# Euler's Journey Problem 1

So I decided to start a project where I gonna implement the same problem in many languages. I always wanted to compare how different programming languages face some coding challenges. I don’t want to prove that any language is better than other, althought I know that this kind of flame will happen. To have a organized list of problems I gonna use the Project Euler problems.

# First Problem: Multiples of 3 and 5

So the first step of this jorney is the Multiples of 3 and 5.

If we list all the natural numbers below 10 that are multiples of 3 or 5, we get 3, 5, 6 and 9. The sum of these multiples is 23. Find the sum of all the multiples of 3 or 5 below 1000.

And here are the may implementations:

## Java 1.8

```
package com.github.rogeralmeida.eulersjourney;
/**
* Created by ralmeid on 12/25/14.
*/
public class SumMultiplesOf3And5 {
public static void main(String... args){
Integer sum = 0;
for(int number=1; number < 1000; number++){
if (number % 3 == 0 || number % 5 == 0){
sum += number;
}
}
System.out.printf("The sum of multiples of 3 and 5 below 1000 is %d", sum);
}
}
```

Not much to say about the Java version. It is a little verbose, but still very easy to teach to programming students, as there’s no hidden concept here. Everything is very explicit.

## Scala

```
object Multiples {
def main (args: Array[String]) {
var number = 0;
var sum = 0;
for(number <- 1 to 999 if number % 3 == 0 || number % 5 == 0){
sum += number;
}
printf("The sum of multiples of 3 and 5 bellow 1000 is %d", sum);
}
}
```

I do not code in Scala, but have decided to add it to my toolbet in 2015. So I will make an effort to implement every problem in Scala as well.
I hope there’s a less verbose way to do it in Scala, because I’m not happy with this code.
One point that I would like to highlight here is the way to create a Range `1 to 999`

. Also you can filter the for’s enumerables without executing the for body.

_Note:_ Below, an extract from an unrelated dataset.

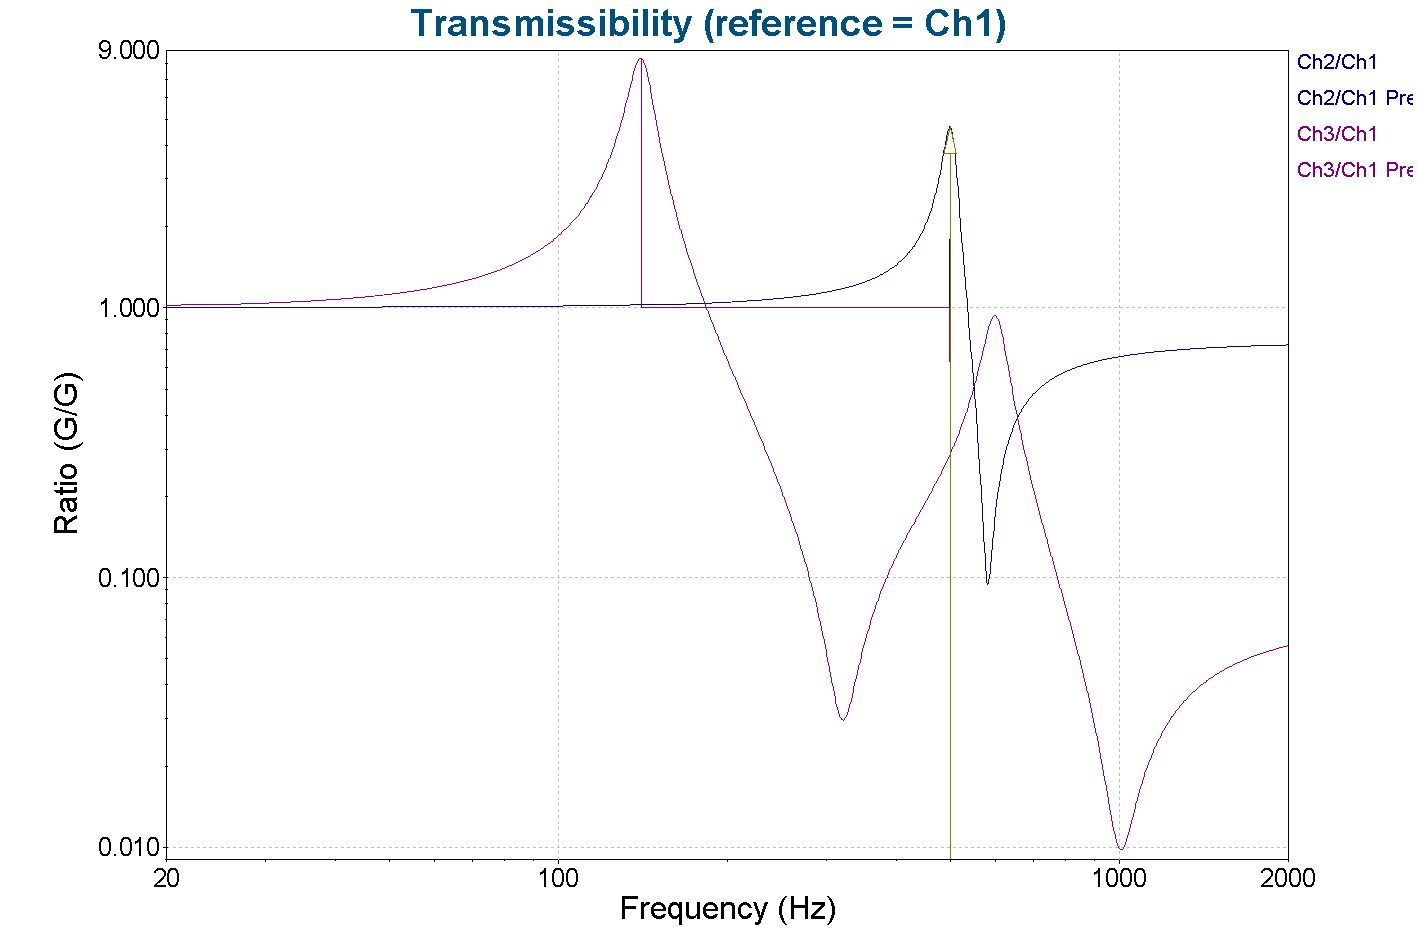 Simple SRTD test transmissibility

Yes, I’ve found a better way of doing it in Scala. Check this out:

```
object Multiples {
def main (args: Array[String]) {
val total = (1 to 999).toList.filter(number => number % 3 == 0 || number % 5 == 0).
reduce[Int]((accumulator, number) => accumulator+number)
printf("The sum of multiples of 3 and 5 bellow 1000 is %d", total);
}
}
```

First create a Range from 1 to 999. Then coarse it to a List. Then filter the list to get just the multiples of 3 or 5. Then reduce the list using a accumulator. I do liked this version, very concise, but the syntax is not that clear yet.

## Javascript

```
var sum = 0;
for(number = 1; number < 1000; number++){
if(number % 3 == 0 || number % 5 == 0){
sum += number;
}
}
console.log("The sum of multiples of 3 and 5 bellow 1000 is "+sum);
```

Not much to say here, very straightforward.

## Python 2

```
multiples = sum([number for number in range(1, 1000) if (number % 3 == 0) or (number % 5 == 0)])
print "The sum of multiples of 3 and 5 bellow 1000 is {}".format(multiples)
```

The more I touch Python, more I like it.
It uses the range function to generate the list of number from 1 to 999.
It uses List Comprehension to generate a list with only the multiples `[number for number in range(1, 1000) if (number % 3 == 0) or (number % 5 == 0)]`

then it uses the `sum()`

function to sum up the multiples.

## Ruby

```
sum = (1..999).select{|number| number % 3 == 0 or number % 5 == 0}.reduce(:+)
puts "The sum of multiples of 3 and 5 is #{sum}"
```

My favorite version so far.
First I like the way to create the range `(1..999)`

. Like the Scala way it stills a little bit magical but this is it, or you have a Global function like Python or you have some sintax to recognize that you are creating a range.
The `select`

method is very useful to filter a collection. The `reduce`

method receives a symbol with the method that should be called to reduce the list, and it understand that it has to accumulate the value.